Danes delivered a keynote address at the annual conference for the International Family enterprise Research Academy (IFERA), held at the University of Palermo in Sicily, from June 28 through July 1, 2011. The keynote was entitled “Family Constructs in Family Business Research: Present and Future.”

“There are very few family scientists who research family businesses,” said Danes. IFERA is attended mostly by people from business schools, and Danes said that her being sked to keynote meant her work “has reached the next level of global recognition.”

Danes’ spoke about her research concentration at the intersection of family and business. Where there is a time of high demand in family-run business, who helps out, and how are responsibility lines changed, blurred, or split between family responsibilities and business responsibilities? How is the flow of money from family savings to business expenses affected?

“When families and business intersect, you need to look at family communication patterns as well as business management processes,” she said.

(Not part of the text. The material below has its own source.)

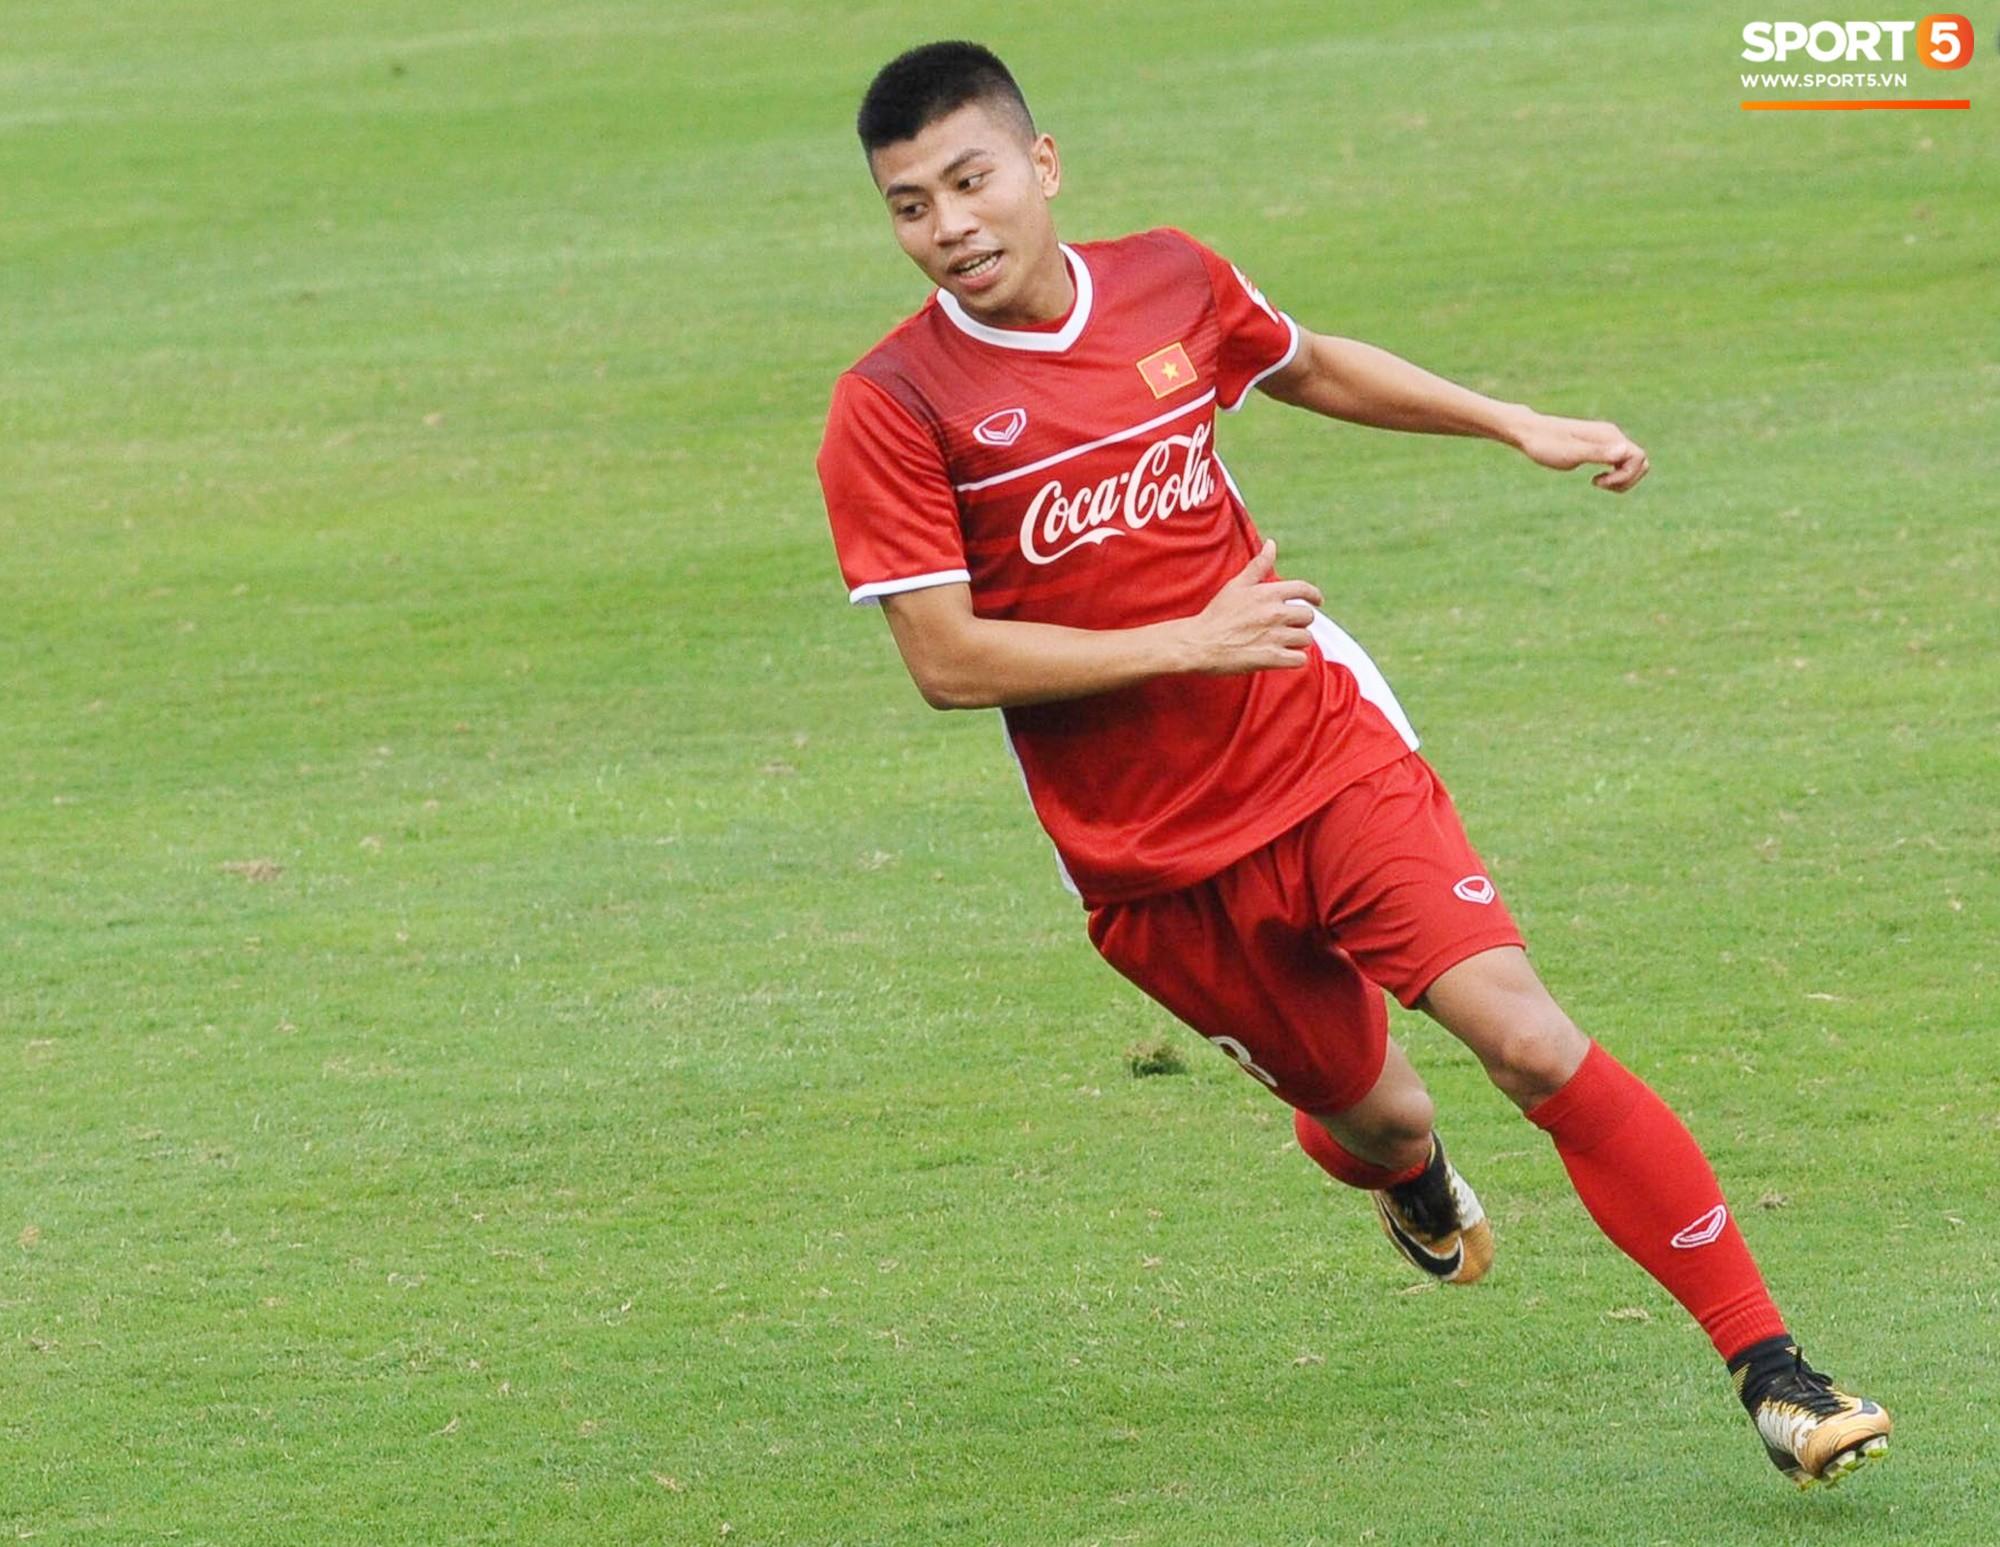 Đội tuyển Việt Nam chốt danh sách 23 thành viên, Đinh Thanh Bình về nước - Ảnh 1.

Danes also discussed her Sustainable Family Busines Theory, which can be summarized as: family-run businesses are not successful unless the family has healthy family functionality as well as financially healthy business. Danes noted that this does not mean there is an absence of tension in families, but that high tension families are able to address the tension in a healthy way.

“My time at the IFERA conference was wonderful,” she said. “I renewed and build on previous relationships, as well as made new ones, and discussed partnerships with fellow scholars from Finland, a French professor teaching in Canada, and a consultant from Malaysia.”